One definition. The circle is the clean version; the triangle is what you get when the hypotenuse is some other length $r$ .

Use the ratio

A right triangle has hypotenuse $10$ , and the angle at one vertex is $30^\circ$ . Recall $\sin(30^\circ) = \tfrac12$ .

How long is the leg opposite that angle?

Tangent is the third ratio

There is one more combination worth a name. Define

\tan\theta = \frac{\sin\theta}{\cos\theta}

Two ways to see it. As a triangle ratio, dividing $\text{opposite}/\text{hypotenuse}$ by $\text{adjacent}/\text{hypotenuse}$ cancels the hypotenuse and leaves $\text{opposite}/\text{adjacent}$ .

As a circle fact, $\tan\theta$ is the slope of the radius drawn to $(\cos\theta, \sin\theta)$ : rise over run is $\sin\theta / \cos\theta$ . Tangent is steepness. It blows up toward infinity as $\theta$ approaches $90^\circ$ , exactly when the radius goes vertical and the run hits zero.

A tangent value

At $\theta = \pi/4$ the unit-circle point has equal coordinates.

What is $\tan(\pi/4) = \sin\theta / \cos\theta$ ?

The Pythagorean identity, in one line

Here is the most-quoted identity in trigonometry, and it costs you nothing.

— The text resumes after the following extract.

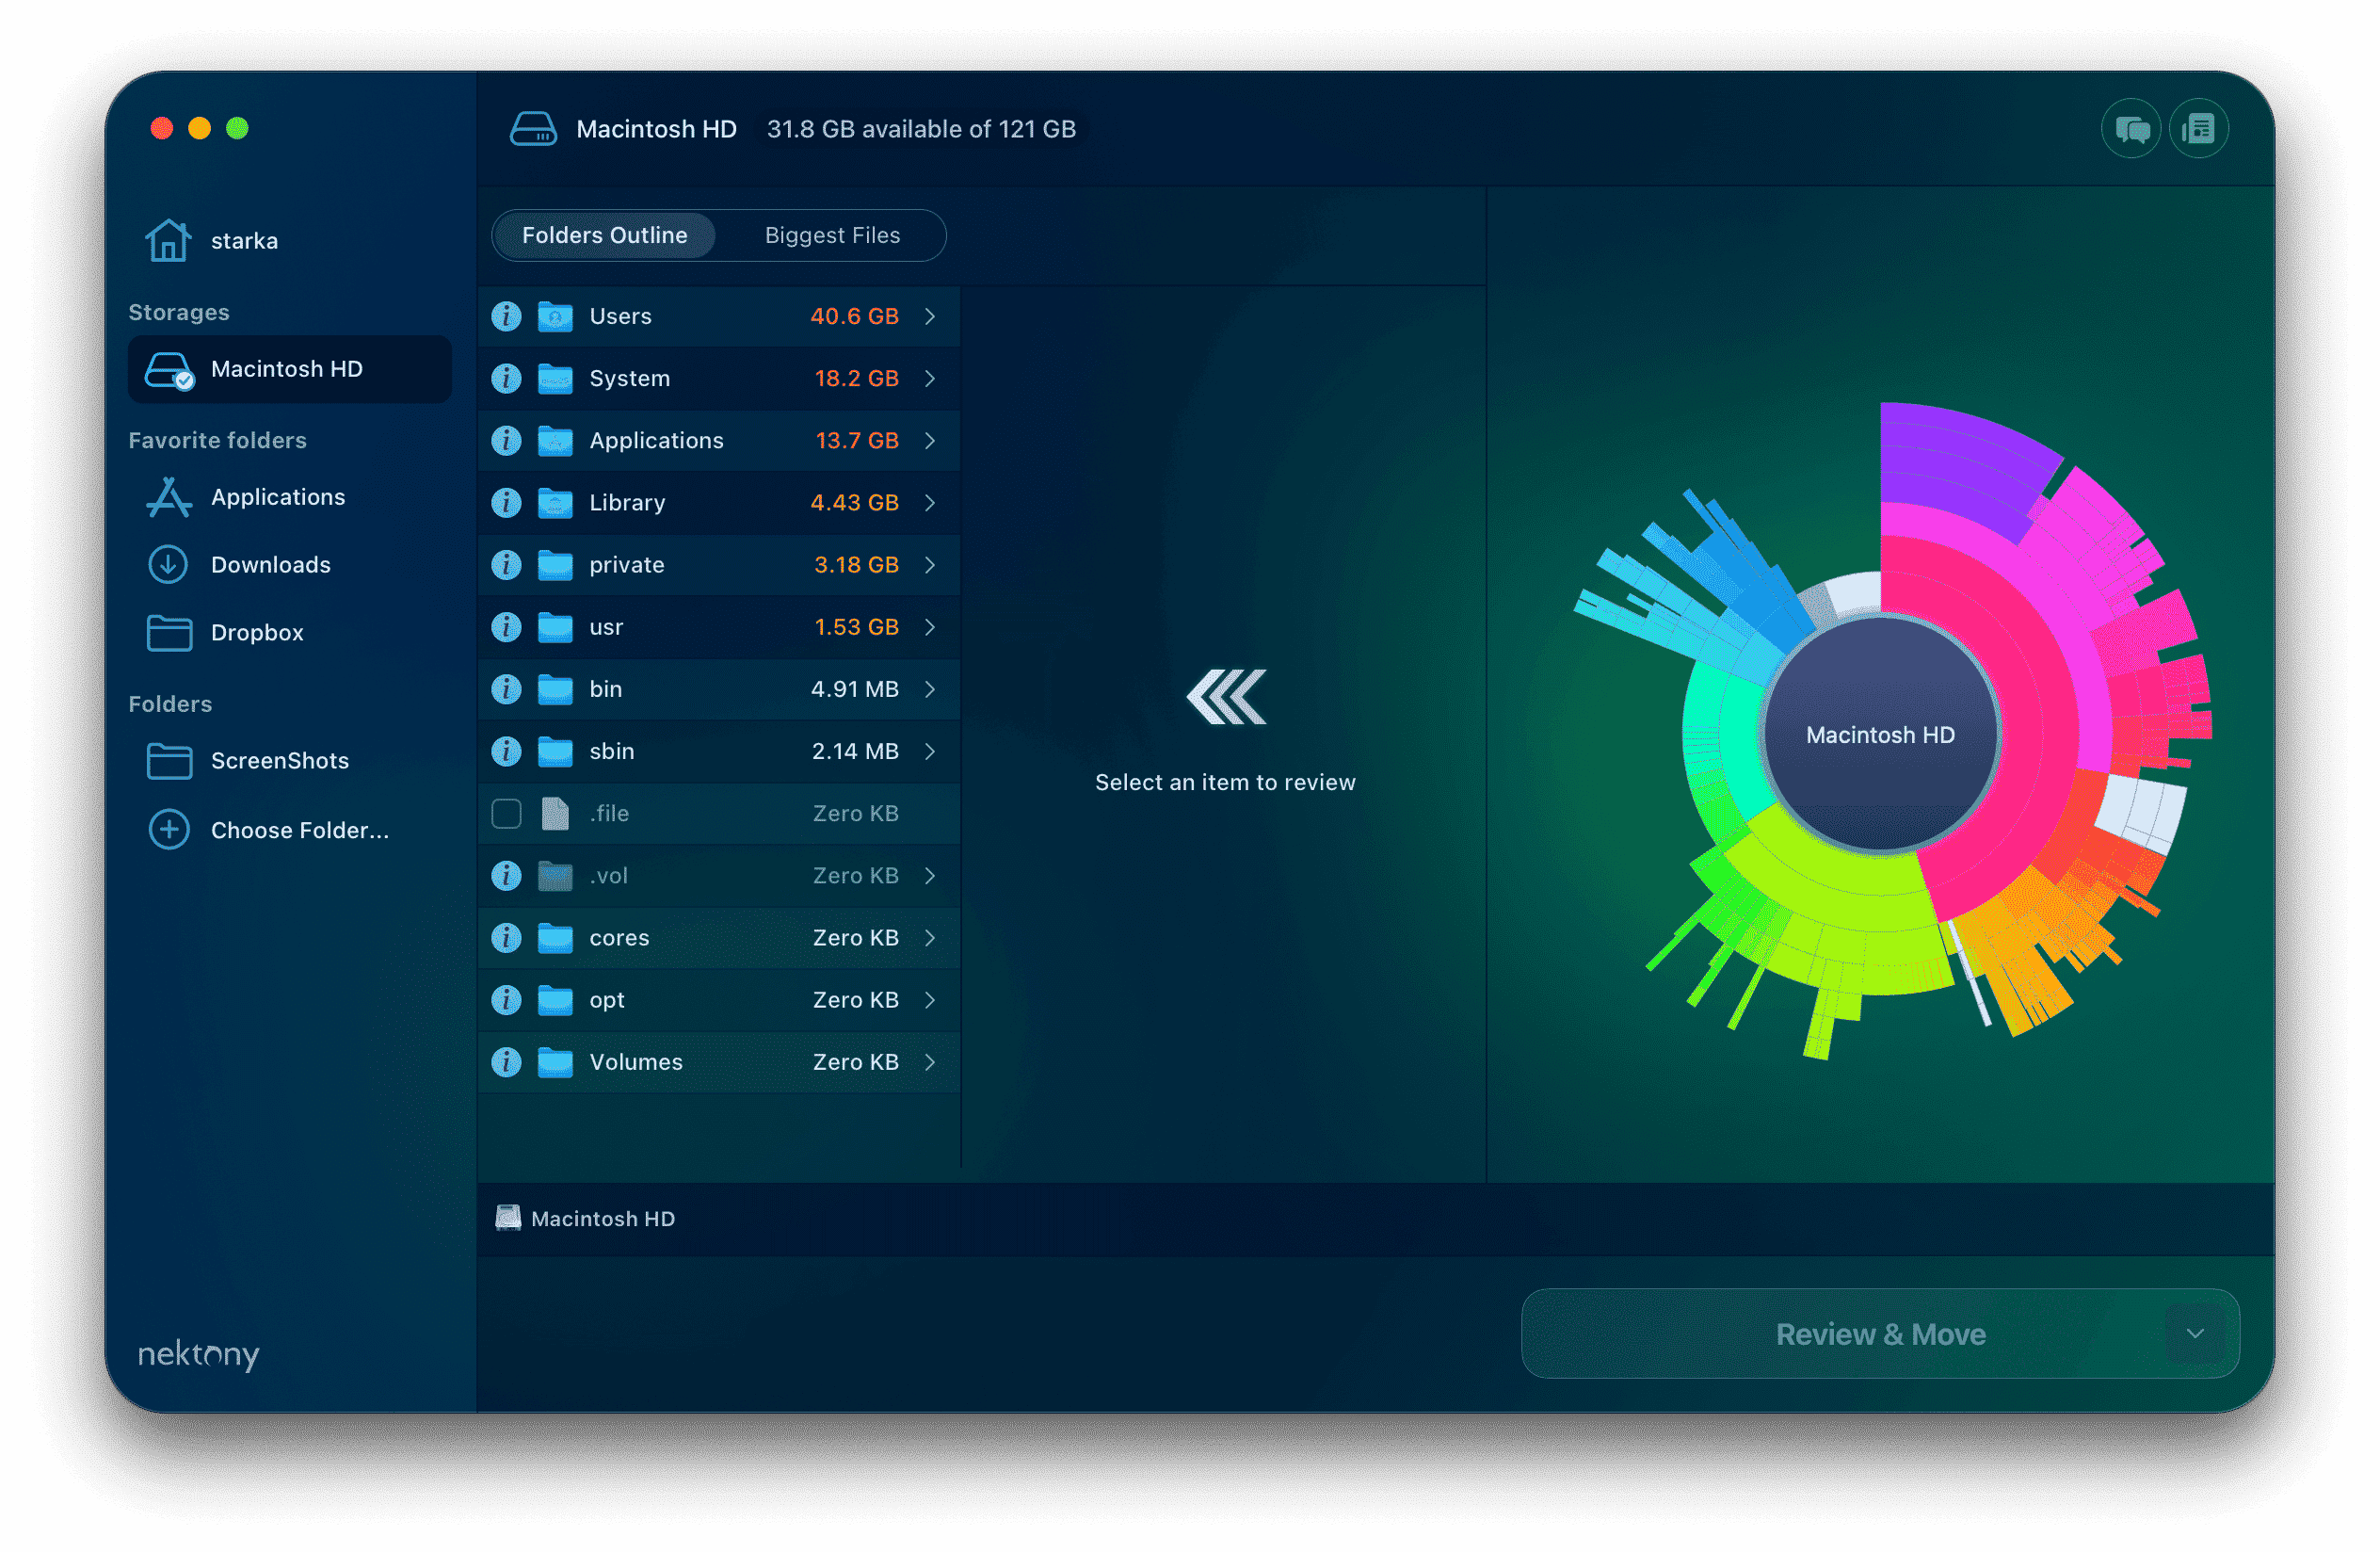 Disk Space Analyzer - analyze full disk on Mac

The point $(\cos\theta, \sin\theta)$ is on the unit circle. The unit circle is the set where $x^2 + y^2 = 1$ . Substitute $x = \cos\theta$ and $y = \sin\theta$ :

\sin^2\theta + \cos^2\theta = 1

That is it. It is not a trick pulled out of nowhere; it is the Pythagorean theorem with the legs renamed. Watch the sin²θ + cos²θ readout in the circle widget as you drag: it sits at $1.000$ forever, because the point never leaves the circle.

The identity is a labor-saver. If you know one of $\sin\theta$ or $\cos\theta$ , you know the other up to a sign, and the quadrant fixes the sign.

Trade one coordinate for the other

You are told $\cos\theta = 0.6$ and that $\theta$ is in the first quadrant.

Use $\sin^2\theta + \cos^2\theta = 1$ to find $\sin\theta$ . What is it?

Where this goes next

From here on, when this course says $\sin$ or $\cos$ , it means the unit-circle coordinate. The triangle picture is the special case at hypotenuse $1$ , and you can always summon it by dropping a vertical line.

So far $\theta$ has been an angle. Next lesson we cut that cord. We feed $\sin$ and $\cos$ any real number at all and watch what their outputs draw. The answer is a wave, and that wave is the shape a transformer will later use to tell positions apart.